Türkiye Cumhuriyeti bu yıl 2. yüzyılına giriyor. Birincisine girerken yaptığını gene yapmalı. Amerika’nın halen yapmaya devam ettiği gibi, dünyanın neresinde iyi ne varsa, görüp bilmeli, alıp gelmeli, öğrenip uygulamalı. Bu her konu için geçerli ama tarım ülkemizin belkemiği, arıcılık da tarımın en tepe noktası, o yüzden yeni rüzgârlar estirmeye başlamak için en iyi noktalardan biri arıcılık olmalı.
Bunun için neyin nasıl yapılacağı çok açık değil mi? Amerikan Tarım Bakanlığı, her iş gibi bu işin de eğitime dayandığını iyi biliyor ve çocuk ve gençlerin konuya aktif katılımını sağlıyor.
Ayla bu konuda çok iyi bir örnek.

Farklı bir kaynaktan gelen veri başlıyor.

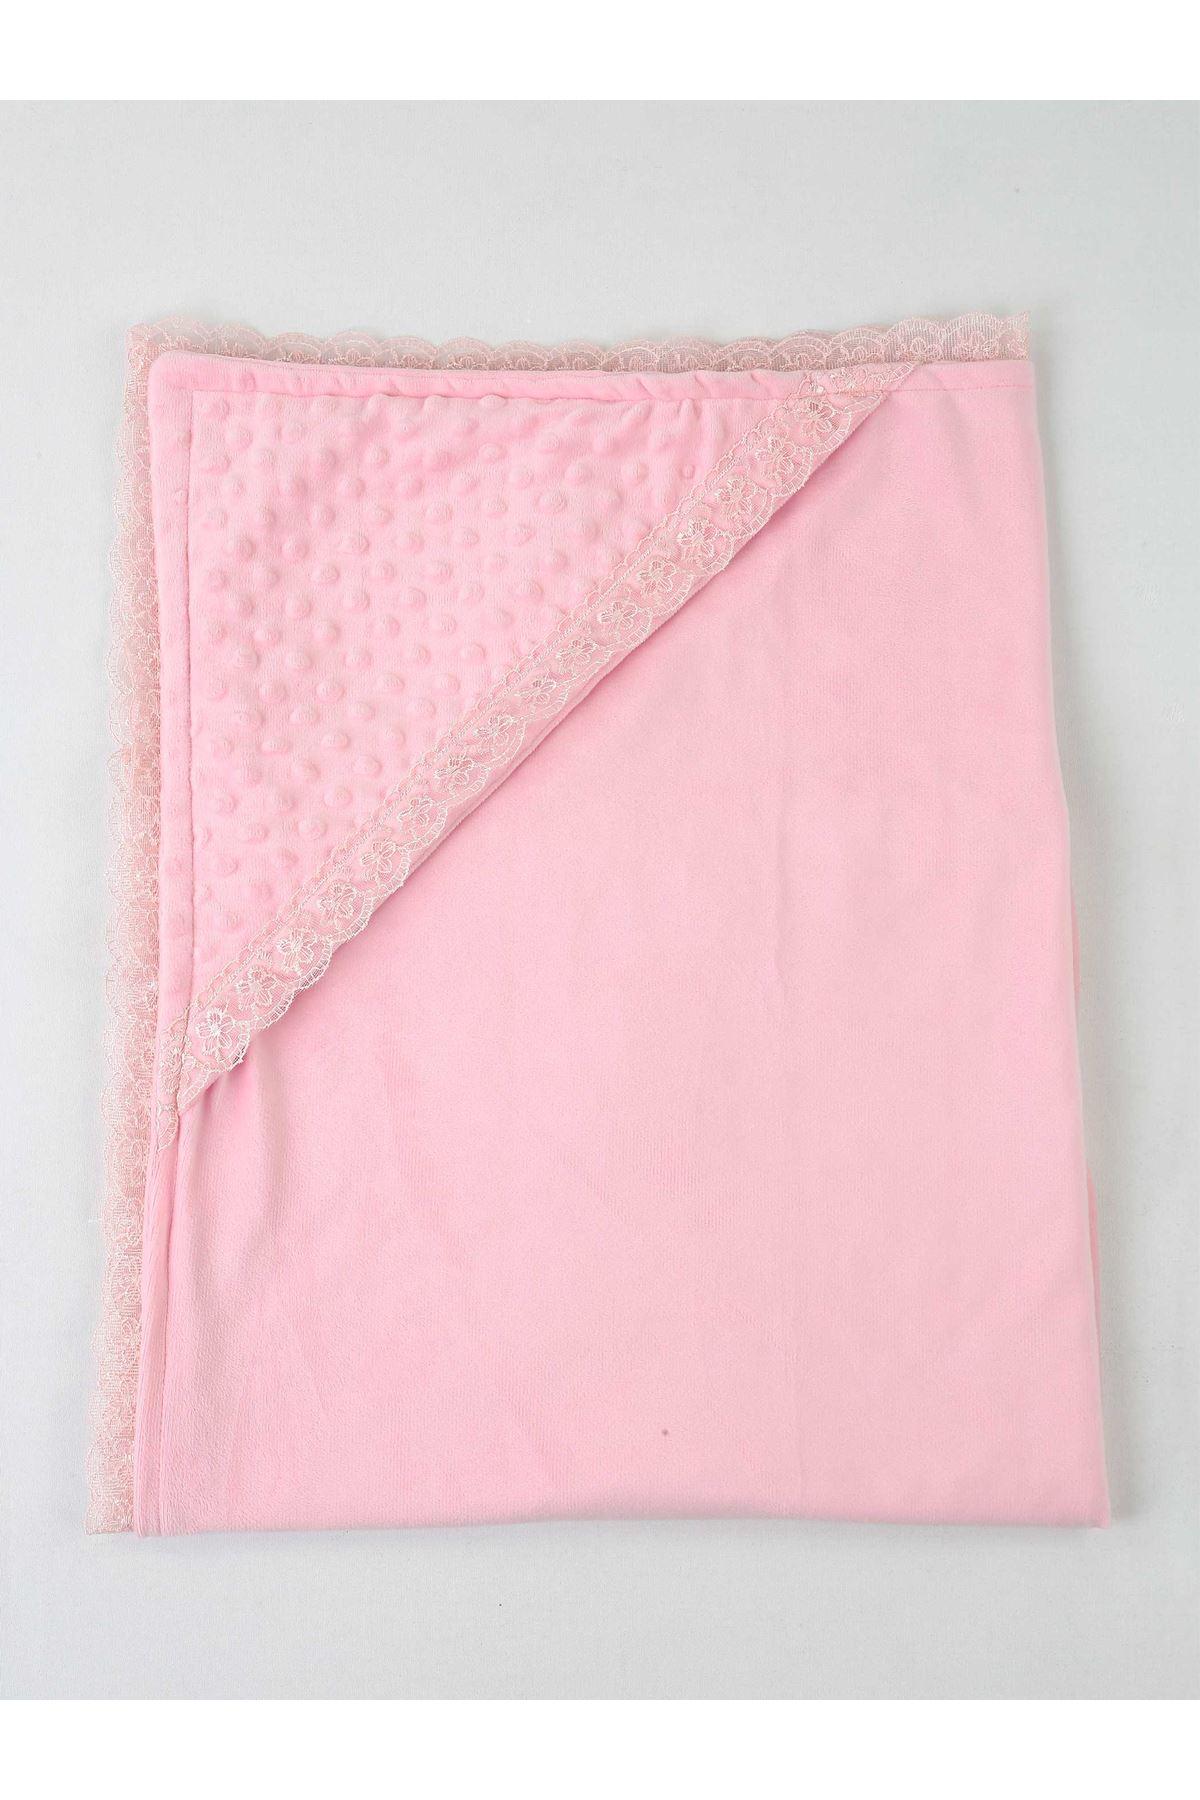 Pembe 85X85 cm Kız Bebek Kundak Battaniye

ABD’de pek çok arıcılık gönüllüsü derneği, pek çok arıcılık gönüllüsü çocuk ve genç var. Okullar bu konuya tam destek veriyor. Bu gönüllülük öğrencilerin sadece boş vakit eğlencesi olmuyor, okul seçimi ve başarısında bir kriter olarak kullanılıyor. Böyle teşvik ediliyor.
Bu dünyada iyi ki Ahmet İnciler var, iyi ki Ayla Tümerler var. Ancak iyi kiler yetmez. Keşkelerden arınmanın yolu iyi kilerimizi artıracak eğitim modelini bir an önce kurgulamak. Amerika’nın yetiştirdiği Aylalarla yarışacak yerli Aylalarımızı yetiştiremezsek, ne yerli kara kovanımız kalır ne de Kafkas arımız.

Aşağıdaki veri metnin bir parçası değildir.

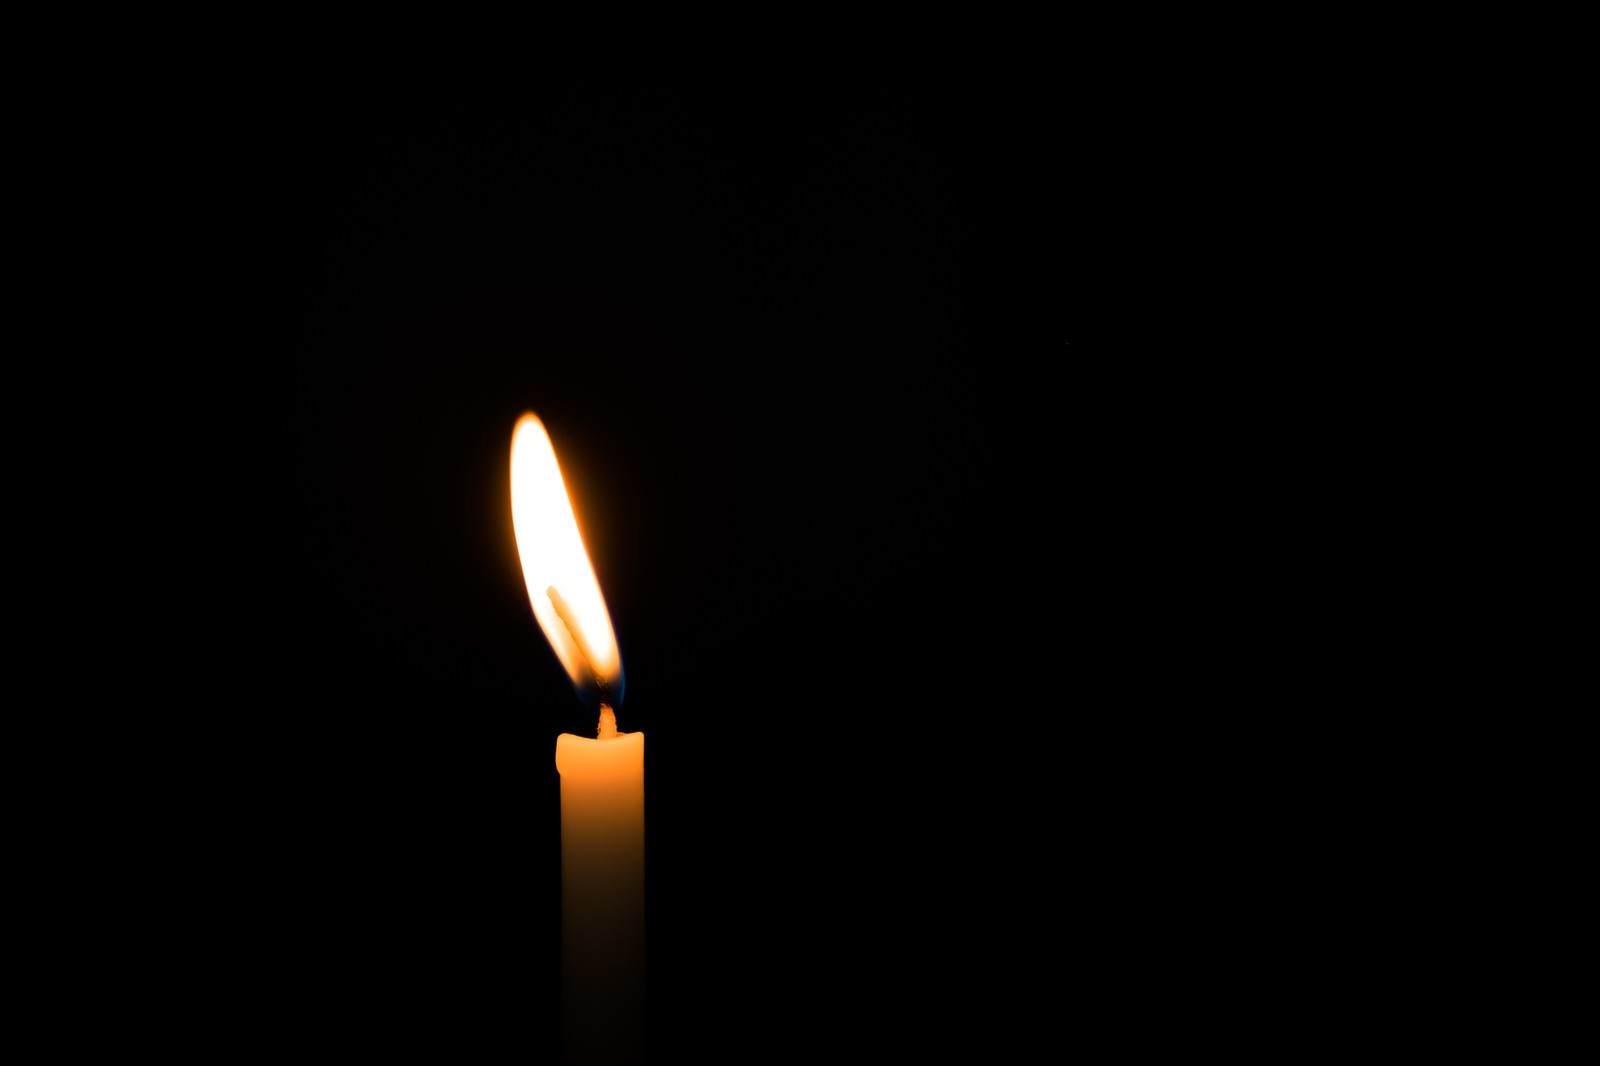 心霊ちょっといい話『消えない蝋燭』など短編全5話

Paslı tenekede şekerli macunu bal diye kakalayan ademlerin bataklığından çıkmamız şart. “Bal tutan parmağını yalarmış” deyimindeki üç kâğıtçılığa yenik düşmemek için gidilecek yol belli.
Eğitim. Eğitim. Eğitim
Hemen şimdi, acilen eğitim. Eeee, sonrasında da denetim.